(TASK DESCRIPTION)
Would you output the entries below only from the line containing "РСТ РСФСР 143-85" through the line containing "Restaurante Pedro Dos", exactly as they stand and with both ends included?

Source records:
------------------------------
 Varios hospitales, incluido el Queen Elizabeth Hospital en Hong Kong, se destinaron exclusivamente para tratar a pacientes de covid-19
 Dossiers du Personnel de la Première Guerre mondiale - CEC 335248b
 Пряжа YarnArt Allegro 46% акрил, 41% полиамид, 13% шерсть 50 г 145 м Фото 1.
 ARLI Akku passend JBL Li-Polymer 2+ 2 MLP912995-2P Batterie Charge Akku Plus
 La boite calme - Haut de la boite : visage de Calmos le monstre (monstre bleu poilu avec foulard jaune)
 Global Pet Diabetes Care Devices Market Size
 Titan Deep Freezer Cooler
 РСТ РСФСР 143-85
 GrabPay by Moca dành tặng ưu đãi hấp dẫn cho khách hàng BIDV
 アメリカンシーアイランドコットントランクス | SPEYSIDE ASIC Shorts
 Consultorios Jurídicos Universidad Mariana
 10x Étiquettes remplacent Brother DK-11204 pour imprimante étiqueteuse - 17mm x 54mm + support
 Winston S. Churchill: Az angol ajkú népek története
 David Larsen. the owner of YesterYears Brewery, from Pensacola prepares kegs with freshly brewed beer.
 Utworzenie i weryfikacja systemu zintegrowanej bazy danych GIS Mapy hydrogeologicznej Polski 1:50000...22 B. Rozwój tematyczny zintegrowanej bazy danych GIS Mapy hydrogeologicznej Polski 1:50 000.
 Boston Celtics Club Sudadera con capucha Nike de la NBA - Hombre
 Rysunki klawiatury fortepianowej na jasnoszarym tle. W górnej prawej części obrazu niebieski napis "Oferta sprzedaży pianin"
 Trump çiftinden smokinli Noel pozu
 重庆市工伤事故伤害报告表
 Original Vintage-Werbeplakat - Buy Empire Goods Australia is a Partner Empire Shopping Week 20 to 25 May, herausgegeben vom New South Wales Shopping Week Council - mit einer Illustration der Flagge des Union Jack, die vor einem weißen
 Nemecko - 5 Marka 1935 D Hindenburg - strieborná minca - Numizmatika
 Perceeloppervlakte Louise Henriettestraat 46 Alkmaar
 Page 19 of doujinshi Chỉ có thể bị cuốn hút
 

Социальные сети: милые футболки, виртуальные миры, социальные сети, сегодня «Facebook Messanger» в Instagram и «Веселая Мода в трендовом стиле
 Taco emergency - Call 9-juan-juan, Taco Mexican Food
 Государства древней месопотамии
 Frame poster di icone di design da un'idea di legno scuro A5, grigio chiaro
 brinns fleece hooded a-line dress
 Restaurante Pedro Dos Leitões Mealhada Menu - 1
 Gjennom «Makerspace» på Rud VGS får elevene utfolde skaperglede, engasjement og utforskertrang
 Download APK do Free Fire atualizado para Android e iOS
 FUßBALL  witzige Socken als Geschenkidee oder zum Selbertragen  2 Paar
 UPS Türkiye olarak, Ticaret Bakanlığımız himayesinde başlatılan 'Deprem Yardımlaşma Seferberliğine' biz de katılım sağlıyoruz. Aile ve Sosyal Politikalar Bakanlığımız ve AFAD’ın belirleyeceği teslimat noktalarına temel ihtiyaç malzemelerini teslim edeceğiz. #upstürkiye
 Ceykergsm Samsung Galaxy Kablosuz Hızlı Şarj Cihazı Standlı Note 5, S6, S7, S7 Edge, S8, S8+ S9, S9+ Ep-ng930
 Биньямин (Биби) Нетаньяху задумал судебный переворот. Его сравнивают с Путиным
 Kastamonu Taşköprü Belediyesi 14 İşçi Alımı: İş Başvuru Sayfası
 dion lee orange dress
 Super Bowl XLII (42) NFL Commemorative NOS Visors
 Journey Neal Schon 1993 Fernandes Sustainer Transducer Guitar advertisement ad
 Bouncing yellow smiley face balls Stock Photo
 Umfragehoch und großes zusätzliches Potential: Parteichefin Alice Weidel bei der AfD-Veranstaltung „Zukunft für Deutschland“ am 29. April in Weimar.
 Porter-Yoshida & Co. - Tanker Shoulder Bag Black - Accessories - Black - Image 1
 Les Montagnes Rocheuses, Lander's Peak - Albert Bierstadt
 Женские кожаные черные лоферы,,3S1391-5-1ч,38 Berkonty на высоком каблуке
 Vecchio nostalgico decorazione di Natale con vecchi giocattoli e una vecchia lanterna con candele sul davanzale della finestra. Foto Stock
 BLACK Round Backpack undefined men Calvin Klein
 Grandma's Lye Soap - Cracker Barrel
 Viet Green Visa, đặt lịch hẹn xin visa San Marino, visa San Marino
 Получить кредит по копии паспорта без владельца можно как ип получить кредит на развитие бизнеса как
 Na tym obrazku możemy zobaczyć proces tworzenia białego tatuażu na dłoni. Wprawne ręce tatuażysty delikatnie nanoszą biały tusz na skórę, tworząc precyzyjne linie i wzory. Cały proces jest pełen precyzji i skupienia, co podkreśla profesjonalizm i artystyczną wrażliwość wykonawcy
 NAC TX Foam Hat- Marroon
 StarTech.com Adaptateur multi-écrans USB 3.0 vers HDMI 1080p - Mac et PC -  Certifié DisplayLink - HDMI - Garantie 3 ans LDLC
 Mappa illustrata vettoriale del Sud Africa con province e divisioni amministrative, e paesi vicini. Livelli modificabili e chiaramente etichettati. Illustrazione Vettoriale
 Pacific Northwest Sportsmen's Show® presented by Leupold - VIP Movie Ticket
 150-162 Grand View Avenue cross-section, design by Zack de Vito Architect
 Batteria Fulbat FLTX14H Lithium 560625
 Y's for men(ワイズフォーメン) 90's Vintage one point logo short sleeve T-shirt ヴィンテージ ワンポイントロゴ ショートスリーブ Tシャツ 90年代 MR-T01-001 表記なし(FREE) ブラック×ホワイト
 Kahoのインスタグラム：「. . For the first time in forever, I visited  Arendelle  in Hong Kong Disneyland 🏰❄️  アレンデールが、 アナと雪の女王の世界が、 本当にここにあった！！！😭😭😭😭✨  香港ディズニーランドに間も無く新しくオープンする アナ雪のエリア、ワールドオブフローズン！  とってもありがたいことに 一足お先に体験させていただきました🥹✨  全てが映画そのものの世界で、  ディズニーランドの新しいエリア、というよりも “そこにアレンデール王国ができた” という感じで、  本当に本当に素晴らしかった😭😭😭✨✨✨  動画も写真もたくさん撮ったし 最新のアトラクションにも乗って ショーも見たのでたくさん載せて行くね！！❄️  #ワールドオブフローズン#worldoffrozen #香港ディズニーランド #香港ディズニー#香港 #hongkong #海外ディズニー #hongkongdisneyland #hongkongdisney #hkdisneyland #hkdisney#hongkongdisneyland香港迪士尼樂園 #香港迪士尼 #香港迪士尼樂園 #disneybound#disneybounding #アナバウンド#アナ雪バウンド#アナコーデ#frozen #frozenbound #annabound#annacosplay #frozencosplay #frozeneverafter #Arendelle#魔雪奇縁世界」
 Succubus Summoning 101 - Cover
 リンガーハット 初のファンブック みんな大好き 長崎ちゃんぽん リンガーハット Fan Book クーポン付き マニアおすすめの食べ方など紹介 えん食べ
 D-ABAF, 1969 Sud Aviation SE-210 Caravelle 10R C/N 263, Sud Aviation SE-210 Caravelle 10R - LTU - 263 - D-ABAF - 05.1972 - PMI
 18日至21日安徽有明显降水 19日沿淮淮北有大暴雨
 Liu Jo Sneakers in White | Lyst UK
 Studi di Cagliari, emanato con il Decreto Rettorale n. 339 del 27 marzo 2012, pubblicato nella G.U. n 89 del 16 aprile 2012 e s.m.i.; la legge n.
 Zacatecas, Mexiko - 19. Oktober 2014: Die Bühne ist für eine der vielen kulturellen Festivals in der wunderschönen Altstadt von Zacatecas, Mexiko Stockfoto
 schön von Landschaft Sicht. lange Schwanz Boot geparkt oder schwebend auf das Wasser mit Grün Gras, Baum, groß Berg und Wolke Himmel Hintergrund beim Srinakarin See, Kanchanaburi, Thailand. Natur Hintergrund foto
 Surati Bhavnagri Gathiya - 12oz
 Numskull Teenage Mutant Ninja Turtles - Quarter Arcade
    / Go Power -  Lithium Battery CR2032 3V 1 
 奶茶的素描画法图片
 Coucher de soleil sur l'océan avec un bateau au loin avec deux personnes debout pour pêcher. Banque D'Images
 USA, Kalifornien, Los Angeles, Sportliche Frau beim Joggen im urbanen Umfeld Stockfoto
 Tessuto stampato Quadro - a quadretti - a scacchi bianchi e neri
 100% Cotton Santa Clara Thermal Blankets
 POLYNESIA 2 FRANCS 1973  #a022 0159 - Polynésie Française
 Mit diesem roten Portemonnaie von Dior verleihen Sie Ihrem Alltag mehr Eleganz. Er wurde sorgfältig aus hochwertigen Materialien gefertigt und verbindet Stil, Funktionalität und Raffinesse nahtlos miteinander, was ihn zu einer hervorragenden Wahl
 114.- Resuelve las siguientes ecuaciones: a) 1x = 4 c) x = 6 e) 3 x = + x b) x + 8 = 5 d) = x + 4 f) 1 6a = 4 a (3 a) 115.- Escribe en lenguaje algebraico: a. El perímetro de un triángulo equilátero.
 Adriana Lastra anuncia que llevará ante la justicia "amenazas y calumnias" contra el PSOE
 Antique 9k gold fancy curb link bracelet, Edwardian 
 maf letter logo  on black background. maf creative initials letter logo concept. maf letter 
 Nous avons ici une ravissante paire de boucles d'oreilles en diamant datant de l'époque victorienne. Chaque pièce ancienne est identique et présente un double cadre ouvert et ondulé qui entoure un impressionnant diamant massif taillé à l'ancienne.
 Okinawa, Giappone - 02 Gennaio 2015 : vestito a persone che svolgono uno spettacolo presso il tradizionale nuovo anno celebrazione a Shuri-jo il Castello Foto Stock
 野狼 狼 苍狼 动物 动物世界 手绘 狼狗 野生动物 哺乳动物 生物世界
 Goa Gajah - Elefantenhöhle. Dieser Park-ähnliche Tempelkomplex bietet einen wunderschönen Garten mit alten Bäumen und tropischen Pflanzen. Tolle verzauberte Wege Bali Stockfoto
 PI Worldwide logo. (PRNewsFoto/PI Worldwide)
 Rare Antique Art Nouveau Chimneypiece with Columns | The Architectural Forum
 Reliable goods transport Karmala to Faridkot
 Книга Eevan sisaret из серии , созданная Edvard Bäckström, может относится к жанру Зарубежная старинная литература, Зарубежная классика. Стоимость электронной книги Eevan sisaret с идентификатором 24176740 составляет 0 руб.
------------------------------
(SOLUTION TO THE PROBLEM)
 РСТ РСФСР 143-85
 GrabPay by Moca dành tặng ưu đãi hấp dẫn cho khách hàng BIDV
 アメリカンシーアイランドコットントランクス | SPEYSIDE ASIC Shorts
 Consultorios Jurídicos Universidad Mariana
 10x Étiquettes remplacent Brother DK-11204 pour imprimante étiqueteuse - 17mm x 54mm + support
 Winston S. Churchill: Az angol ajkú népek története
 David Larsen. the owner of YesterYears Brewery, from Pensacola prepares kegs with freshly brewed beer.
 Utworzenie i weryfikacja systemu zintegrowanej bazy danych GIS Mapy hydrogeologicznej Polski 1:50000...22 B. Rozwój tematyczny zintegrowanej bazy danych GIS Mapy hydrogeologicznej Polski 1:50 000.
 Boston Celtics Club Sudadera con capucha Nike de la NBA - Hombre
 Rysunki klawiatury fortepianowej na jasnoszarym tle. W górnej prawej części obrazu niebieski napis "Oferta sprzedaży pianin"
 Trump çiftinden smokinli Noel pozu
 重庆市工伤事故伤害报告表
 Original Vintage-Werbeplakat - Buy Empire Goods Australia is a Partner Empire Shopping Week 20 to 25 May, herausgegeben vom New South Wales Shopping Week Council - mit einer Illustration der Flagge des Union Jack, die vor einem weißen
 Nemecko - 5 Marka 1935 D Hindenburg - strieborná minca - Numizmatika
 Perceeloppervlakte Louise Henriettestraat 46 Alkmaar
 Page 19 of doujinshi Chỉ có thể bị cuốn hút
 

Социальные сети: милые футболки, виртуальные миры, социальные сети, сегодня «Facebook Messanger» в Instagram и «Веселая Мода в трендовом стиле
 Taco emergency - Call 9-juan-juan, Taco Mexican Food
 Государства древней месопотамии
 Frame poster di icone di design da un'idea di legno scuro A5, grigio chiaro
 brinns fleece hooded a-line dress
 Restaurante Pedro Dos Leitões Mealhada Menu - 1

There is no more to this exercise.